So. I'm not going to name names here, and that is why we're going to call the two girls mentioned in this post 'Daisy' and 'Rissa.'
Until recently, Rissa had been my best friend. We'd known each other since before we were even born. When I was two and she was three, her family came to visit mine (then living out of state). And I, being the most awkward toddler ever, would barely talk to her. But she pried me out of my shell, and for the next fourteen years she was like the sister I never had.
Rissa has a younger sister named Daisy, about four years younger than her. Daisy, for much of my friendship with Rissa, was just my friend's annoying kid sister whom I had to put up with. But as she got older, Daisy became our friend too, and as close to me as her sister was.

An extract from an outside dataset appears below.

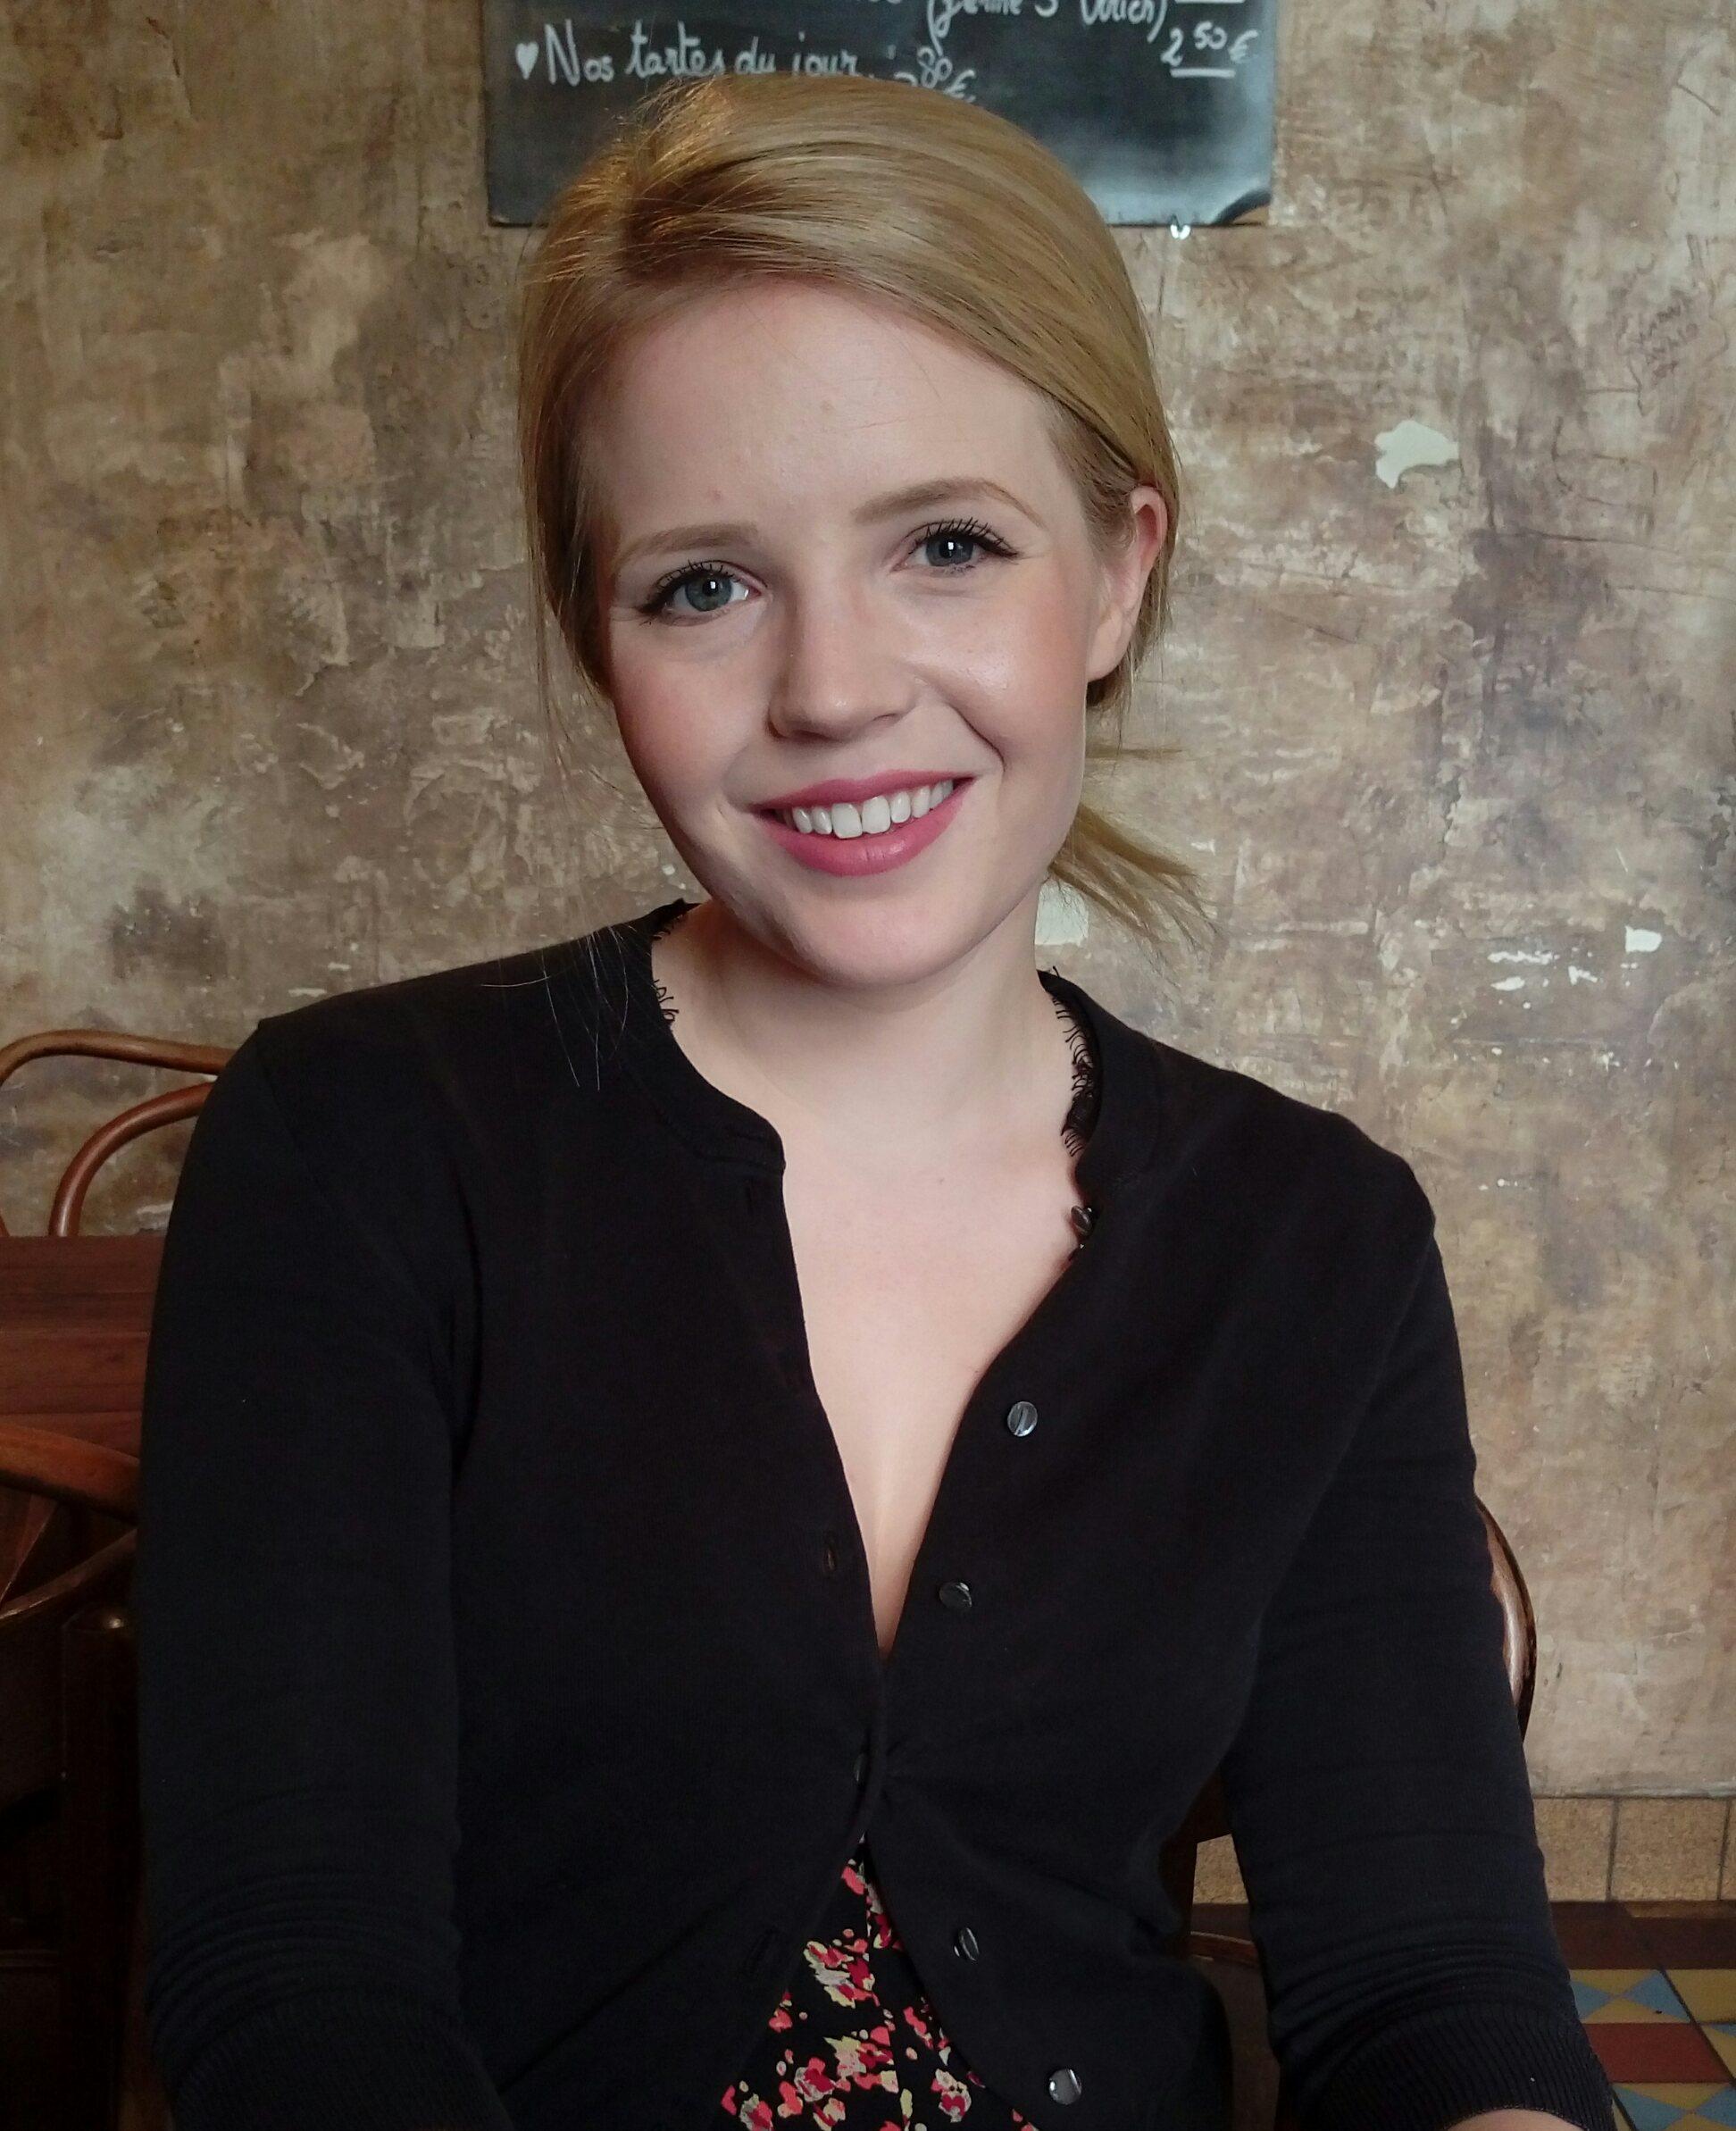 Holly Theisen-Jones

The problem? They were homophobic and transphobic, and for obvious reasons I'm not cool with that. And their prejudice really hurt me, though every time I consider telling them the exact reasons why, I freeze up and panic.
Taking the advice of another girl who'd been similarly burned, I decided to simply cut off my friendship with them. And I tried. I don't hate Rissa and Daisy; I love them as sisters in Christ, but I really don't like them and the way they're acting right now. But I didn't remove them from my Facebook friends list, because that seemed rather petty. So when I posted a message on my page protesting the transphobia of reality star Michelle Duggars, they saw it and responded negatively.

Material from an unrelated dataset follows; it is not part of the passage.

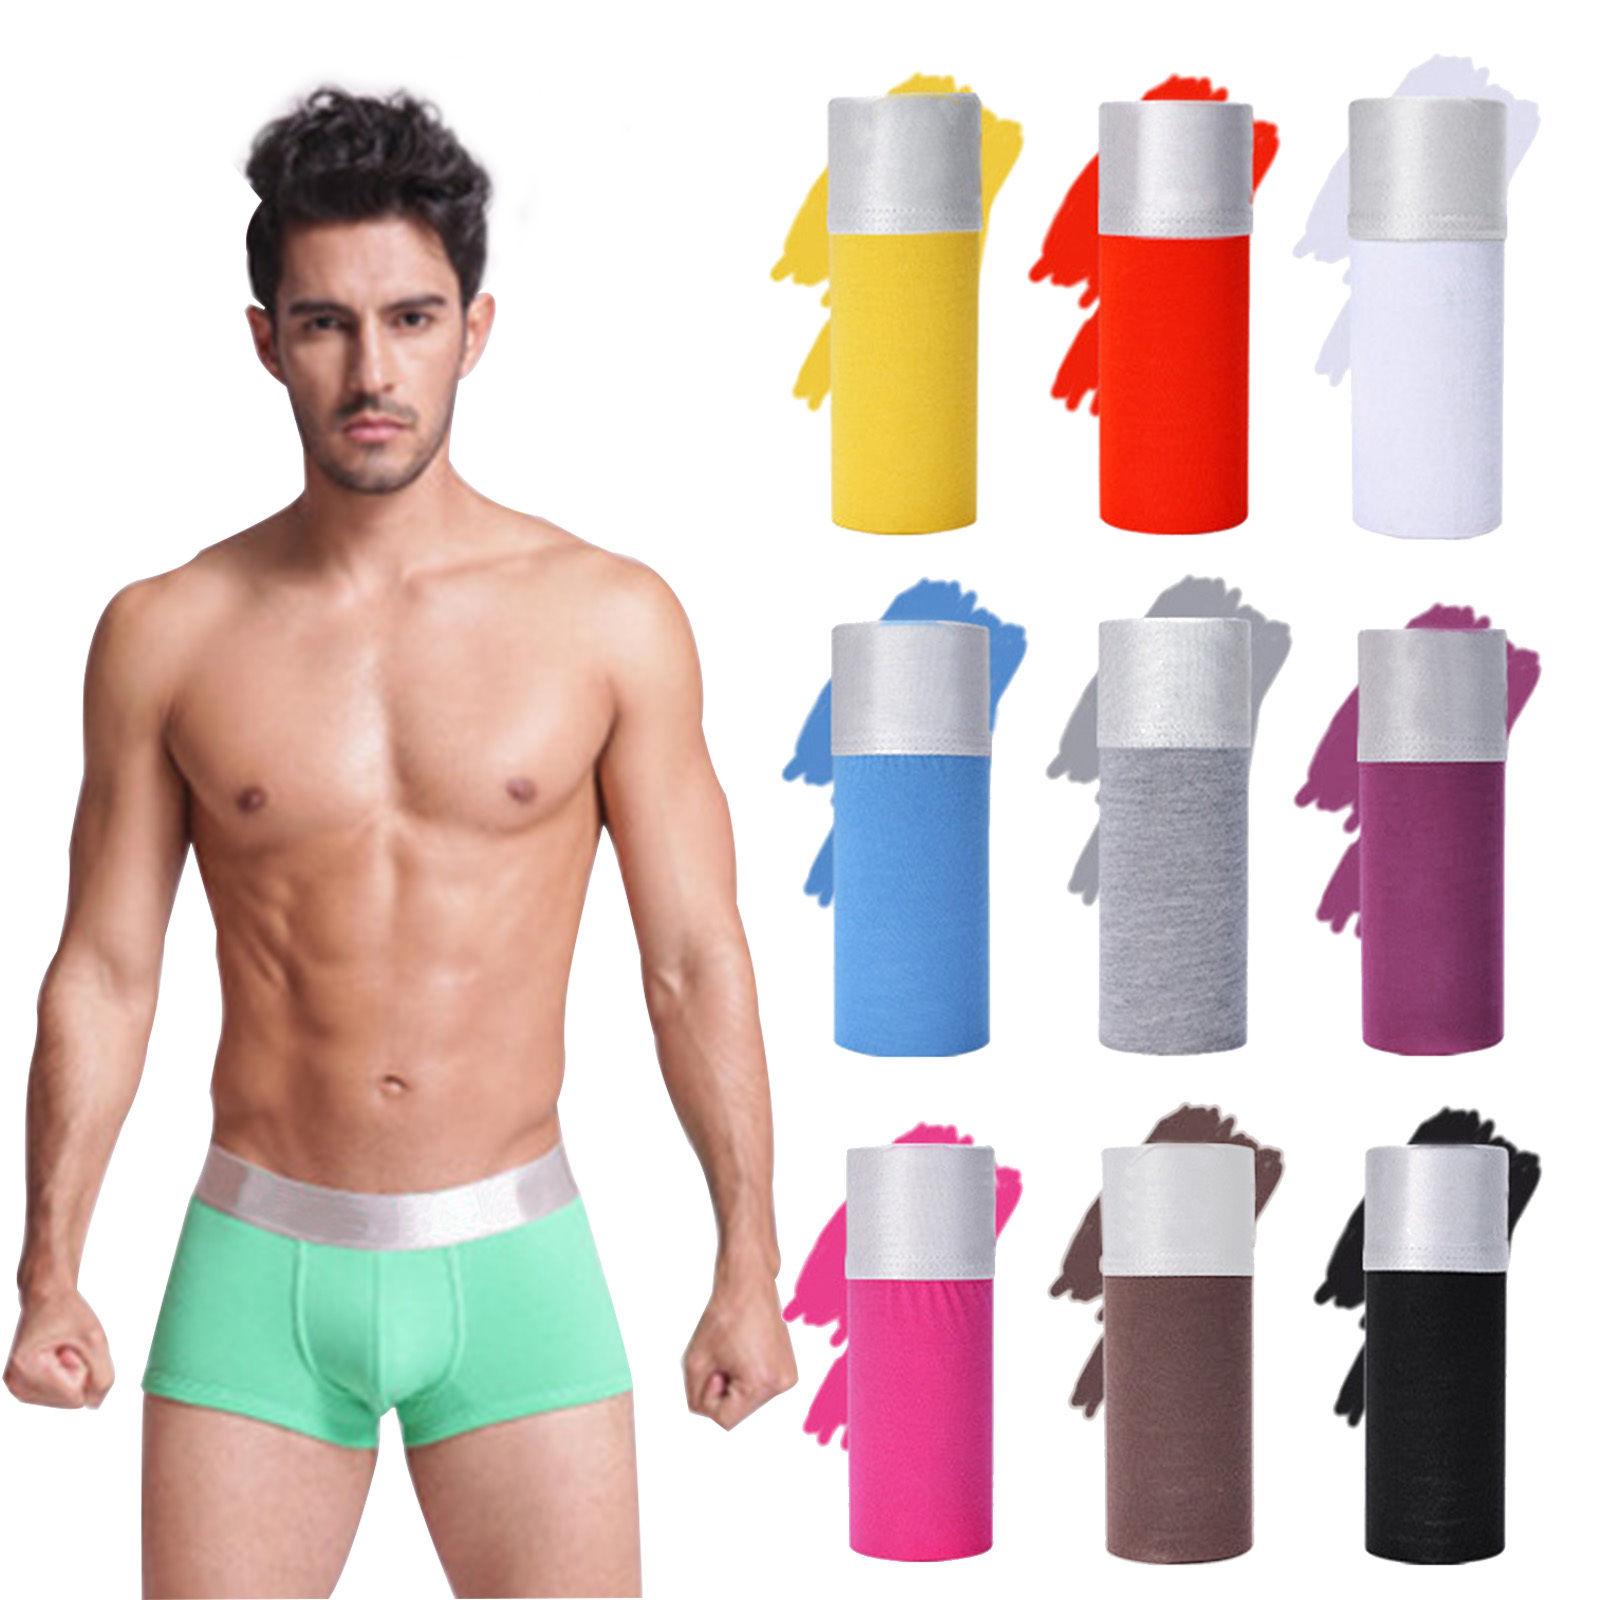 New Men Modal Trunks Briefs Boxers Short Underpants Underwear

I won't go into the whole argument, but eventually Daisy messaged me with all the Bible verses that fundamentalist Christians interpret as condemning homosexuality and transgenderism (they don't condemn either, actually; they condemn shrine prostitution, rape, hostility to strangers, and lack of hospitality but I'll go into that later with the help of some friends and family who have studied the Bible much more extensively than I and can explain much more efficiently.) and I told her to shut up unless she had something positive to say, and that her sister could do the same. At which point she replied with a series of 'I love yous.' But those are just words, and honestly I'm not convinced she means them.

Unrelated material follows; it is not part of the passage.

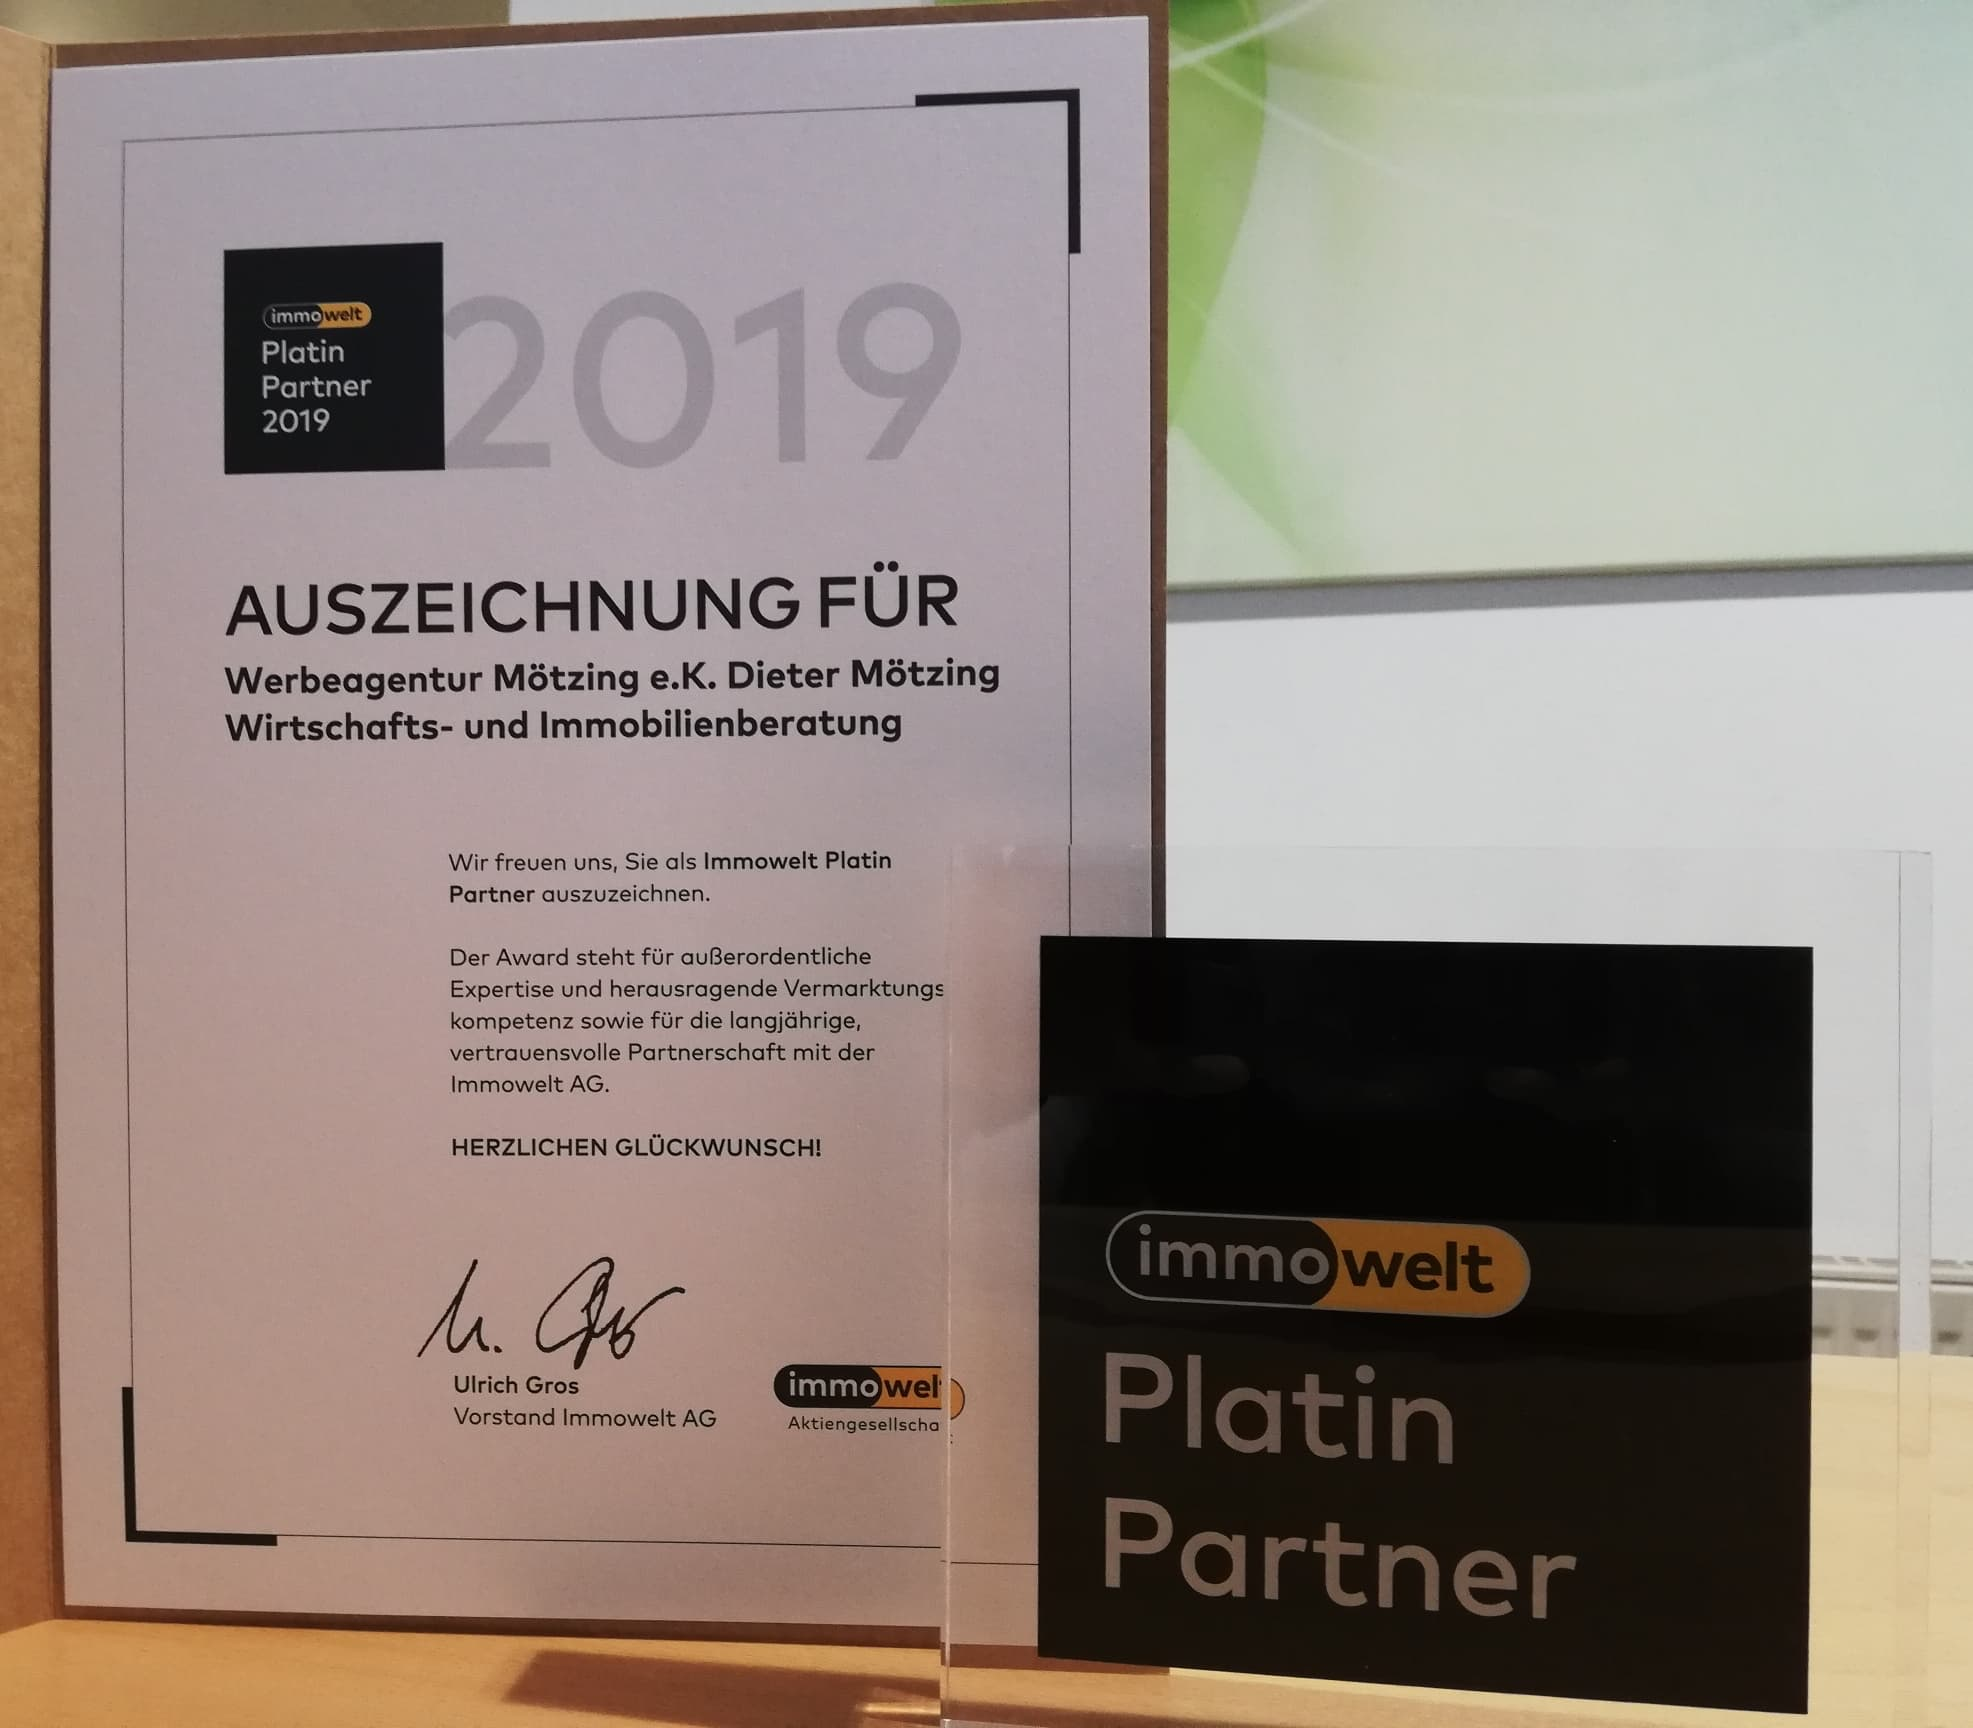 Immowelt-Partner Werbeagentur M�tzing e.K.

I told her honestly that I love her too, but explained also explained my other feelings on our whole awkward, hurtful situation. Thus far, she hasn't responded.
The whole thing is just so frustrating. I want our old friendship back and I'm sick of this drama, but I'm not going to put up with their prejudice (especially when it's directed at several of my other friends, who have supported and loved me through this mess and have helped me pull myself back together again) and I'm not going to back down from my advocacy for the LGBTQIAA+ community. I also know that right now, being friends with either one will only get me hurt. As I wrote in Sunshine, it's my choice whether to let these destructive people into my life or not, and right now I choose not to.
But...fourteen years is a long time. I literally can't remember a time when Rissa and Daisy weren't a part of my life in some way. They really are like my sisters, and it hurts to cut off two people so close to me. Any thoughts?